When the wizard’s eyes fluttered awake, he was greeted not by the desert sun pounding into them, but the cool shade of tarp and tent. His whole body ached and burned and seethed. The wizard tried to crane his neck forward to see what had become of his form, but the stabbing pain in his neck convinced him otherwise. He groaned and let his head fall back into the thin pillow beneath it. It was more comfort than he deserved, he thought.
The tent’s flap cracked open. Whoever had peered in was too short for the wizard to see from where he lay. As the tent’s flap fell closed, the wizard was able to pick out the sound of tiny footfalls on sand and a young voice calling out, “Dad! He’s awake!”

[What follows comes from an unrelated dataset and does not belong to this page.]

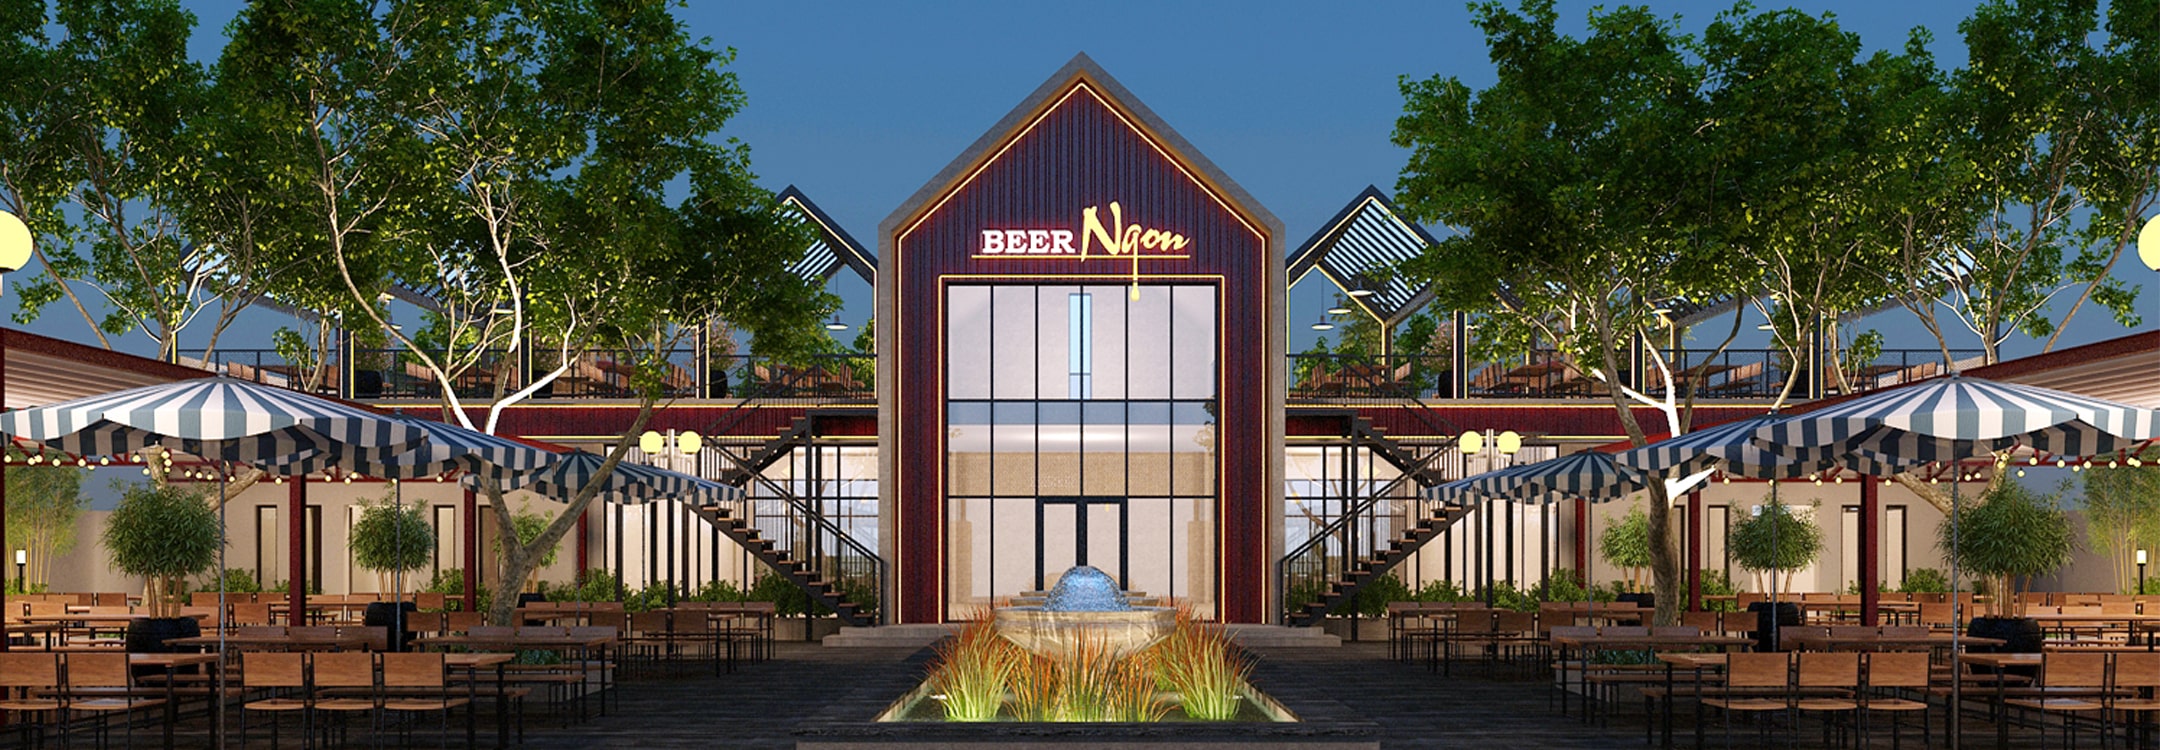 Beer restaurant design - Beer Club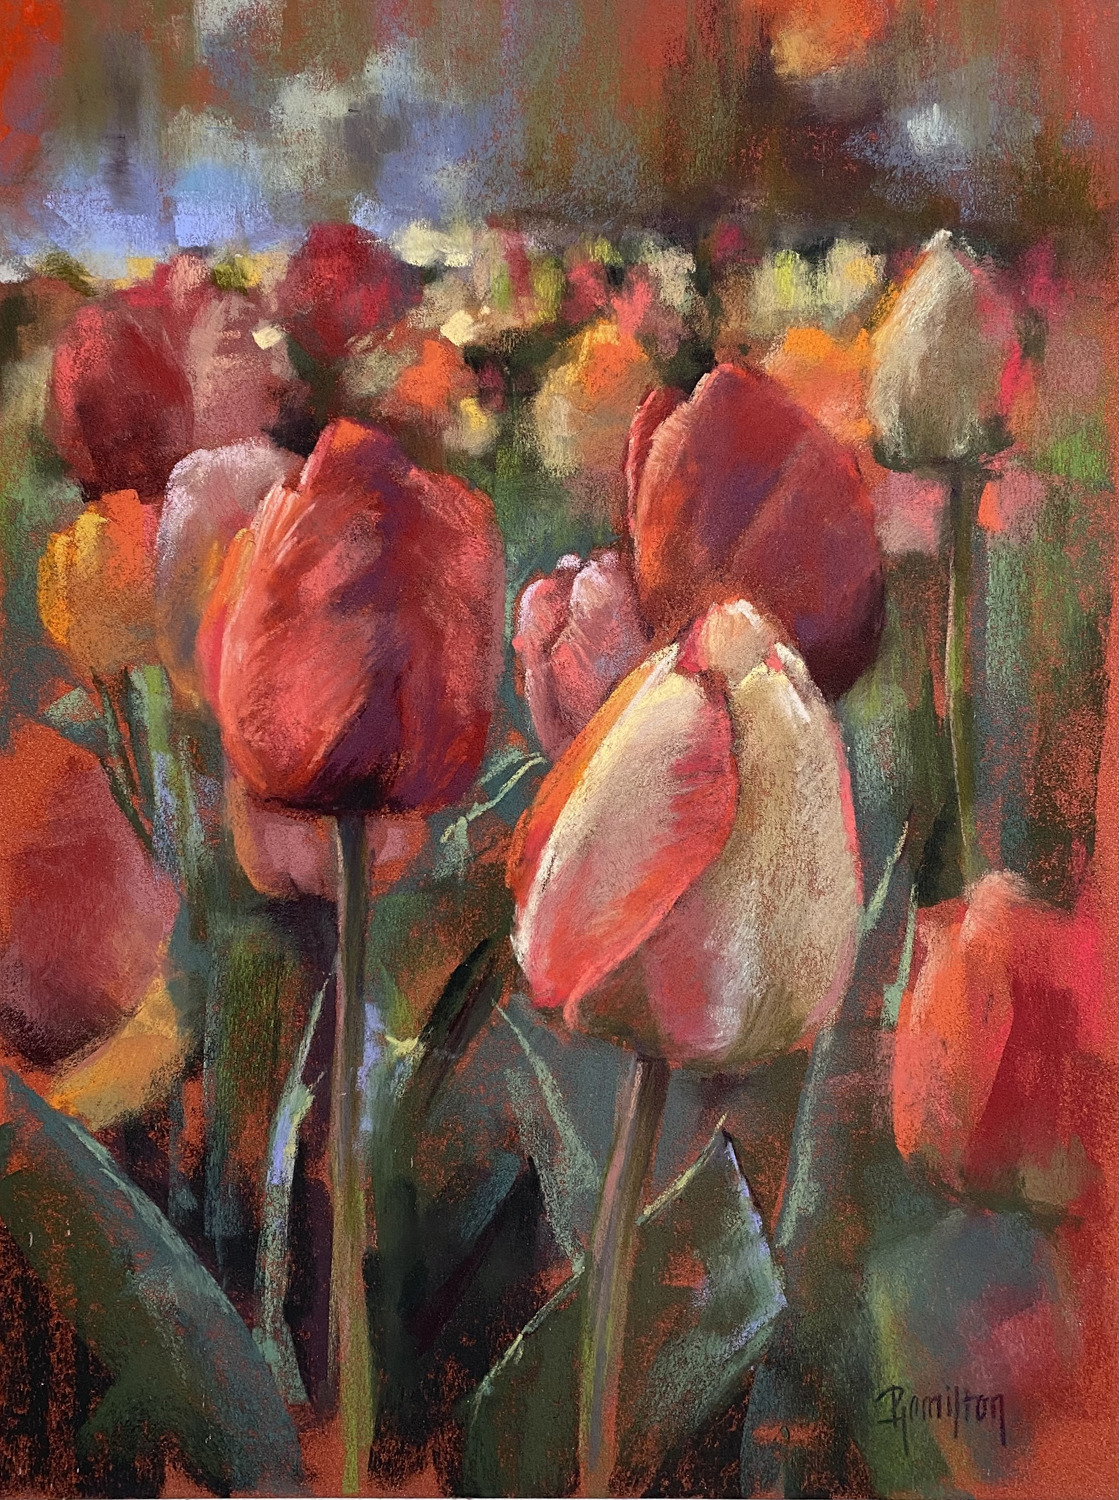 Pastel paintings - Pamela Hamilton, “Tulips on Fargo,” pastel on paper, 16 x 12 in.

It was only a few moments later when a hulking man came into the tent. He was wrapped entirely in loose white fabrics faded by the sun and sand and he towered over the wizard flat on his back. Dusting off his hands with two loud claps, the wide-shouldered and well-muscled man began to unravel his travelling clothes. He removed his head cover to reveal a handsomely chiseled jaw, and his robes held tight around his shoulders to frame his rippling, sun-kissed chest. His face seemed perpetually in beaming and warm smile with the smile lines to prove it. 
He gave a loud huff as fathers do when getting up from a comfy seat or falling into one, folding his legs into a crouch on the cool sand next to the wizard. The man leaned over to pick up a nearby mortar and pestle that looked small in his great hands, and began crushing something.
“Good morning, traveller.” 
The wizard thought the man had meant to whisper, but it seemed a man of such stature was not well versed in something so diminutive. 
“Happy to see you wake, though, I must say, you chose an interesting place to rest. I was surprised to find you still breathing when Lu brought me to you.”
The wizard made to reply, but he forgot himself. Only a dry rasp escaped his withered lips.
The man clapped a palm against his forehead. “Right! Of course!” He pulled a waterskin from the folds of his robe. He popped the cap and held it gently to the wizard’s lips. The water felt coarse, as did everything in this desert, but he was refreshed all the same. When the waterskin was pulled back, the wizard smacked his lips. His saviour looked on expectantly.
“Thank you,” the wizard said.
Relief washed over the man’s face as he replaced the waterskin into his robes. He picked the mortar up and returned to crushing whatever was within. The fragrances that blossomed from the mixture smelled much too sweet for this desolate place.
“Think nothing of it!” the man boomed. “In the Burning Seas, good people have to look out for each other! The desert surely won’t!”
The wizard’s face dropped at this. Lower than it normally was, somehow. He focused on a single phrase. Good people, he thought. Good people have to look out for each other. The wizard turned to the giant of a man. “... Your name?” the wizard asked.
Again, he clapped a hand to his forehead. “My manners! Apologies! I am Bo’lu, a merchant. In name, at least.” The edges of Bo’lu’s smile dropped slightly at this, before he managed to find his smile again. “But my friends call me Bo.”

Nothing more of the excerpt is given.